Did anyone else think Dark Magician Girl was hot?

:3


----------



## BlackAce (Oct 13, 2008)

SeanoRLY? said:
			
		

> Did anyone else think Dark Magician Girl was hot?
> 
> :3



Yeah she is kinda hot


----------



## ShadowXP (Oct 13, 2008)

BLUE EYES WHITE DRAGON


----------



## ShadowXP (Oct 13, 2008)

XYZDRAGONCANNONROLL'D


----------



## ShadowXP (Oct 13, 2008)

Black Hole


----------



## Shakraka (Oct 13, 2008)

I've seen a Black Magician Girl doujin; nothing special.


----------



## saxamo (Oct 13, 2008)

i liked that whack skeleton with 300 attack points.


----------



## Raika (Oct 14, 2008)

dark magician girl's so dreamy... hmm an essential is elemental hero flame wingman!!


----------



## dinofan01 (Oct 14, 2008)

Shakraka said:
			
		

> I've seen a Black Magician Girl doujin; nothing special.

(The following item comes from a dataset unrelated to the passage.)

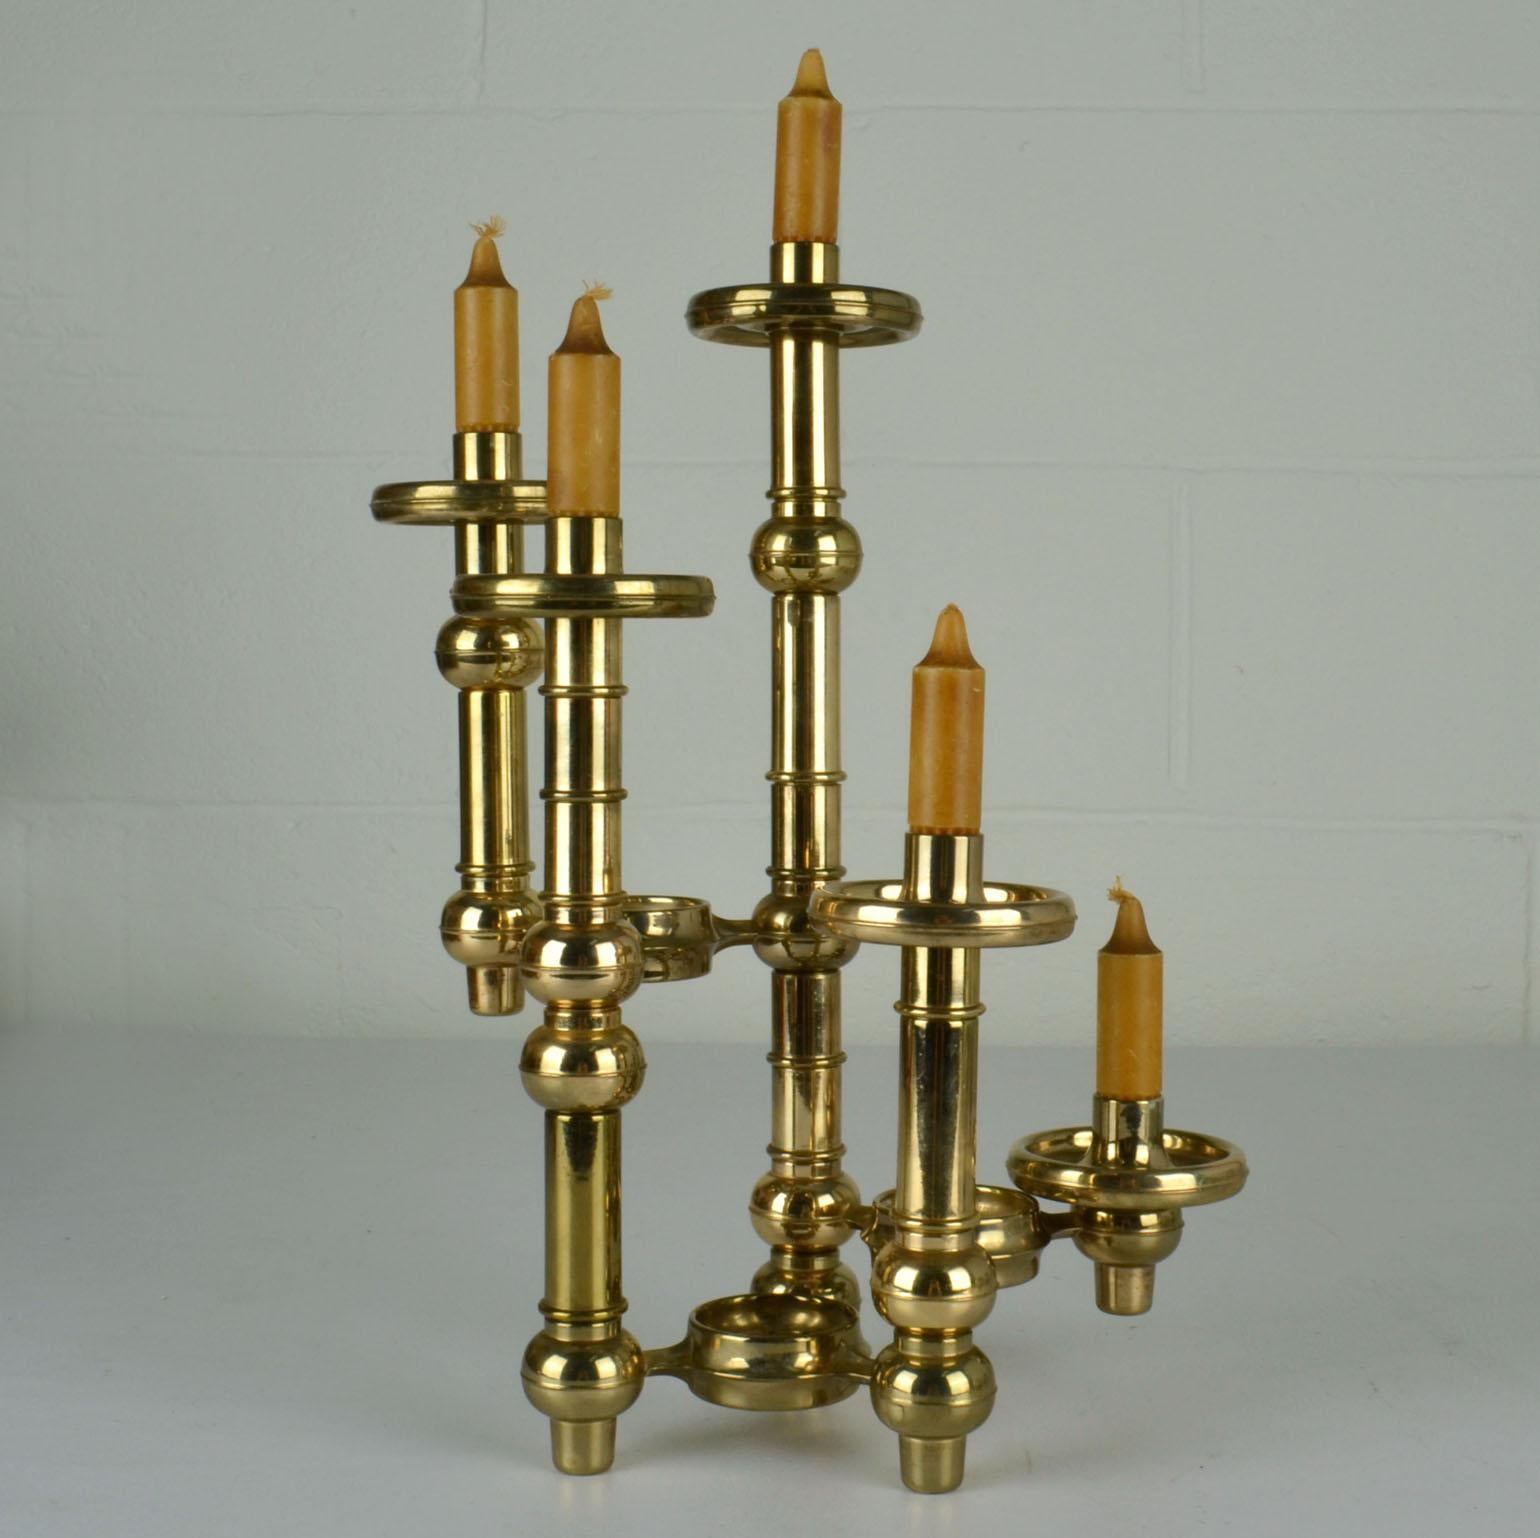 Scandinavian Modern Modular Brass Candelabra with Glass Shades For Sale 7

My interest has been peaked....I'm so ashamed


----------



## agentgamma (Oct 14, 2008)

LightYagami said:
			
		

> SeanoRLY? said:
> 
> 
> 
> ...



I spring rolled you =_=


----------



## ojsinnerz. (Oct 14, 2008)

Live action movies are almost never good. Haven't we seen enough awful Death Note LAs, and stuff like that? Just like how DBZ movie looks....... yea...


----------



## agentgamma (Oct 14, 2008)

Tropicana said:
			
		

> Live action movies are almost never good. Haven't we seen enough awful Death Note LAs, and stuff like that? Just like how DBZ movie looks....... yea...


fanboys just want to see dmg

...

BUT IN PERSON!!


----------



## AXYPB (Oct 14, 2008)

All of the _Gradius_-related cards.


----------



## ENDscape (Oct 14, 2008)

This awesome card is awesome. See how good she is with a syringe


----------



## agentgamma (Oct 16, 2008)

ENDscape said:
			
		

> This awesome card is awesome. See how good she is with a syringe


Why do i KNOW people are gonna make hentai of this.


----------